Change happens, and is necessary, but with some forethought and consideration, a lot of these problems might be avoided.

dBx Case Studies - Education

There is a proven link between acoustic conditions in schools and educational outcomes. Building Bulletin 93 (BB93) mandates minimum standards in primary and secondary schools for noise levels and room acoustics, as well as acoustic separation between teaching spaces.

The dBx Acoustics team can help you comply with BB93, but our expertise goes even further. We have extensive experience designing environments for pupils with additional needs, including autism and hearing loss, as well as higher education and noisier, practical workshop spaces.

New and refurbished school buildings must comply with Building Regulation E4 and the acoustic performance standards of Building Bulletin 93 (BB93) ‘Acoustic Design of Schools’. Whilst BB93 is not mandatory for higher education establishments, it typically forms the basis of the initial design for such establishments, with modifications as appropriate to allow for specific HE uses. Where projects are being designed with BREEAM in mind, credits HEA05 and POL05 are also relevant.

There are a number of different acoustic aspects which come together to ensure that acoustic conditions in schools are appropriate to support learning, and it’s so important to get it right – studies have shown that educational attainment can be directly correlated to acoustic conditions.

Our involvement often begins at the planning stage with an environmental noise survey, which allows us to advise on ventilation and glazing requirements to control noise ingress to the building. If mechanical ventilation is proposed, if there is an external MUGA, or if community use is proposed, the noise survey also allows noise emission limits to be set to ensure that existing neighbours are not adversely affected by noise.

Internal ambient noise levels in teaching spaces are also affected by mechanical ventilation, and we work with the M&E consultant to specify appropriate noise control measures, such as silencers.
When it comes to the design of the building itself, BB93 requires us to specify partitions and floors to control airborne and impact sound transmission between teaching spaces, based on their relative sensitivity and noise generation characteristics. The detailing of junctions and sealing of any services penetrations is critical in maintaining acoustic separation between adjacent rooms.

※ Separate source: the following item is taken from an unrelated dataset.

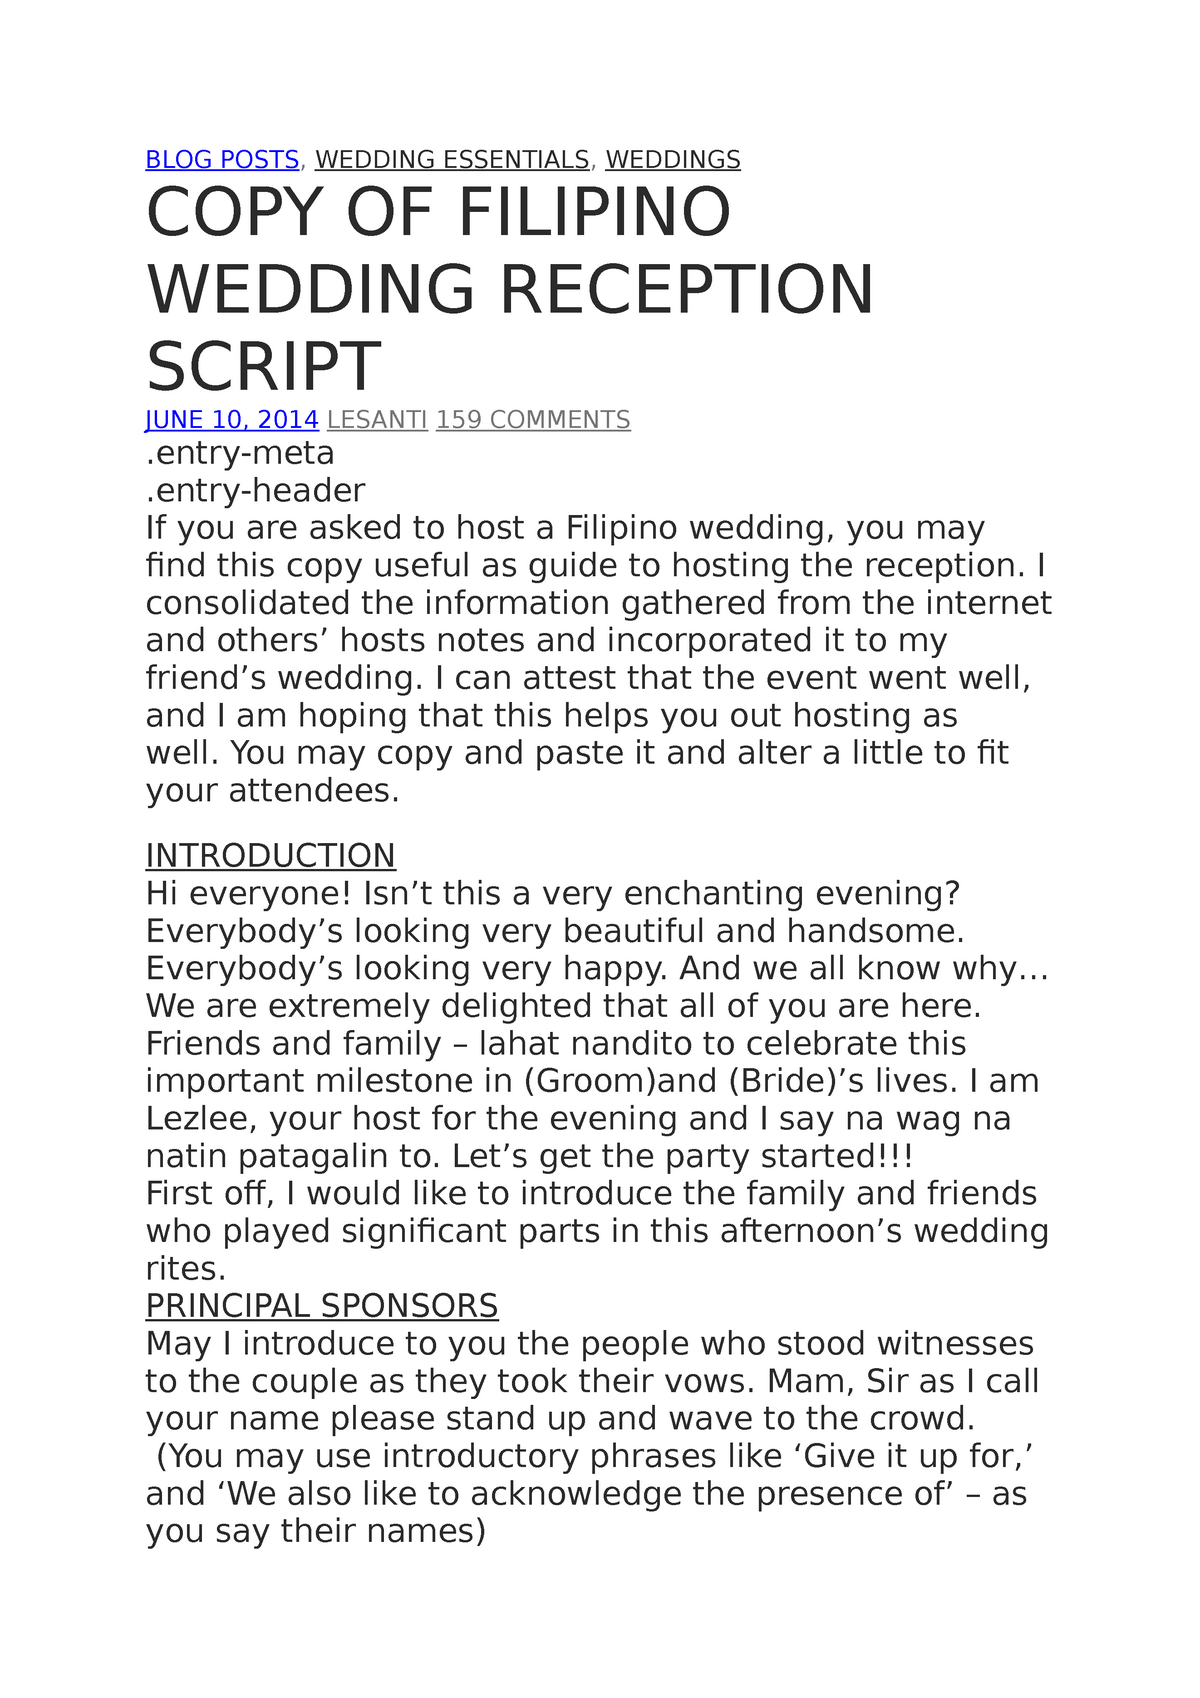 script for wedding emcee

Having provided a suitably quiet teaching environment which won’t be adversely affected by activity in other classrooms, our focus moves to room acoustics and control of reverberation. Often this is as simple as specifying the acoustic performance of a suspended ceiling, but for large spaces such as Assembly Halls and Sports Halls, we undertake acoustic modelling to optimise the specification and placement of acoustic finishes. Where an exposed soffit is preferred, we calculate the specification and quantity of finishes, such as acoustic rafts and wall panels to control room acoustic conditions.

Finally, we carry out pre-completion acoustic testing on-site to ensure that all of the acoustic criteria for the project have been complied with on-site.

The dBx Acoustics team also have a particular interest in acoustic design for SEN schools, particularly schools catering to neurodiverse pupils. BB93 specifies design criteria for “children with special hearing and communication needs”, which is intended to include autism, ADHD and auditory processing difficulties, and assists in providing an environment in which speech transmission is clear and effective. The standard does not, however, consider the other acoustic aspects of school life which affect such pupils, including auditory sensitivities and the need to provide spaces to allow a retreat from the noise and bustle of daily school life. Our team’s direct and personal experiences of neurodiversity, both as parents and as individuals, helps us to understand the requirements of individual educational clients, and help guide the design of educational buildings to provide an acoustically diverse and appropriate environment.